Noth­ing can take the place of par­ents

The Compass - - EDITORIAL OPINION -

Dear edi­tor,

CBC News has been re­port­ing that Child, Youth and Fam­ily Ser­vices Min­is­ter Char­lene John­son has per­mit­ted two chil­dren to be taken from their par­ents be­cause the par­ents are men­tally in­ad­e­quate to meet their de­vel­op­ing kids’ needs.

Chil­dren are vul­ner­a­ble be­ings. That’s why we call them chil­dren or, in French, “en­fant” or in­fant, which bet­ter de­scribes their de­pen­dence on par­ents and other fam­ily sup­port. Yet the state in its wis­dom has cre­ated a phrase ‘ loco par­en­tis,’ Latin for ‘in place of par­ents’ when in truth noth­ing can take the place of par­ents, but there may be many things that could sup­port par­ents in their role as care­givers.

Yet, ab­so­lutely noth­ing can re­place one’s own par­ents. Nev­er­the­less, too of­ten, we see the state or govern­ment plac­ing it­self in a pri­mary role and foul­ing up the whole process when a vig­i­lant sup­port­ive role would have served quite nicely. In that re­gard, given the cost of re­moval and the need for sup­port staff, why could a few well­trained sup­port work­ers not per­form shift duty in the home on a con­tin­u­ing ba­sis?

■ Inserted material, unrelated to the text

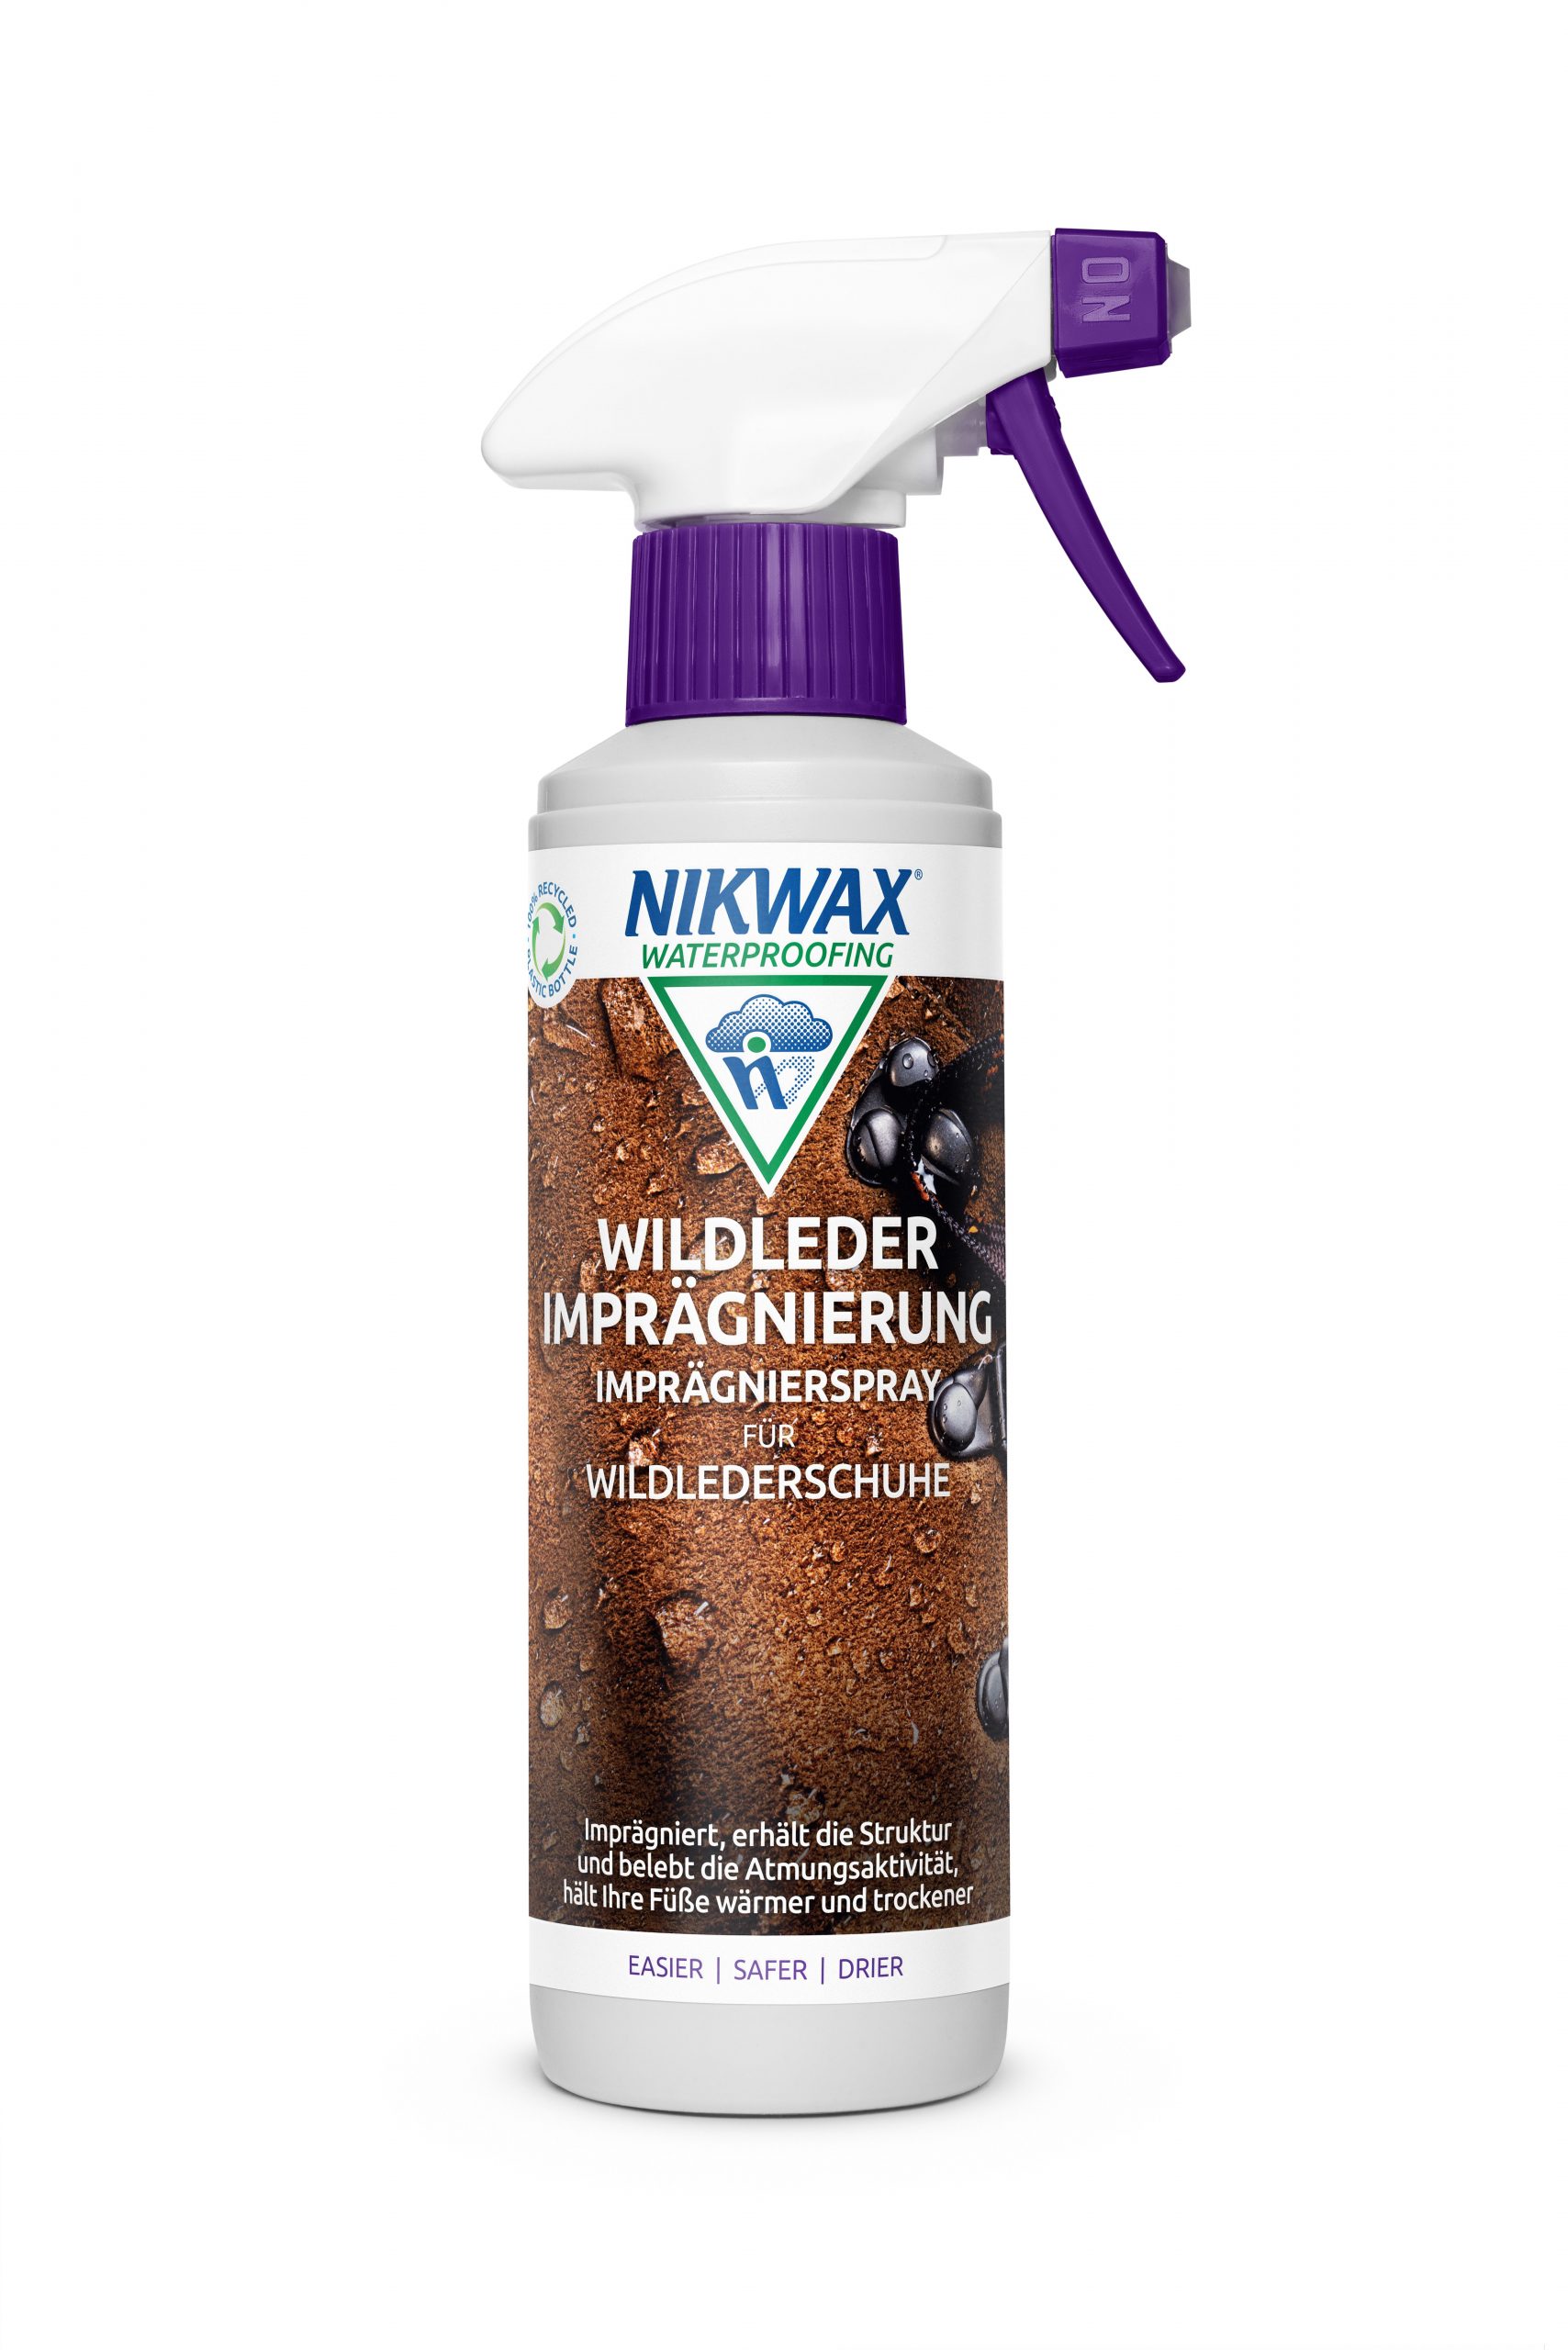 Nikwax Wildleder Imprägnierung Spray-On 300ml ♥

I am sure, or I would ex­pect, the du­bi­ous so­lu­tion of re­moval is fraught with many fu­ture prob­lems and should only be used when all else fails. Sus­pect, too, is the com­ment that an IQ test was given to the par­ents and they didn’t ob­tain a sat­is­fac­tory score.

I ask, what type of per­son ad­min­is­tered this test? Was it a trained psy­chol­o­gist or a so­cial worker? How long was the fam­ily in­ter­ac­tion ob­served prior to the re­moval of the chil­dren? What train­ing was given to the par­ents to im­prove the sit­u­a­tion? Were the par­ents phys­i­cally abu­sive? Was an E.Q. test or emo­tional in­tel­li­gence pro­ce­dure used be­cause if the par­ents are su­per with their emo­tional sup­port, no state or stranger can re­place that kind of sup­port.

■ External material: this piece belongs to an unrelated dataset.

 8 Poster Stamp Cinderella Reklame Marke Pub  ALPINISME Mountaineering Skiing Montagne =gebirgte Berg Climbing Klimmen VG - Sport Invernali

Too of­ten, state work­ers them­selves if scru­ti­nized closely enough are of­ten found want­ing and may in­deed be pro­ject­ing their prob­lems upon in­no­cent fam­i­lies. Ob­vi­ously then, this case ac­tion re­quires a thor­ough in­ves­ti­ga­tion of the home, the par­ents, the kids, their sup­port work­ers and the so­cial work­ers at­tached to the fam­ily.

This, to­gether with a pro­fes­sional psy­cho­log­i­cal anal­y­sis of the com­plete pack­age, should be car­ried out be­fore any child is ripped from his or her par­ents’ arms.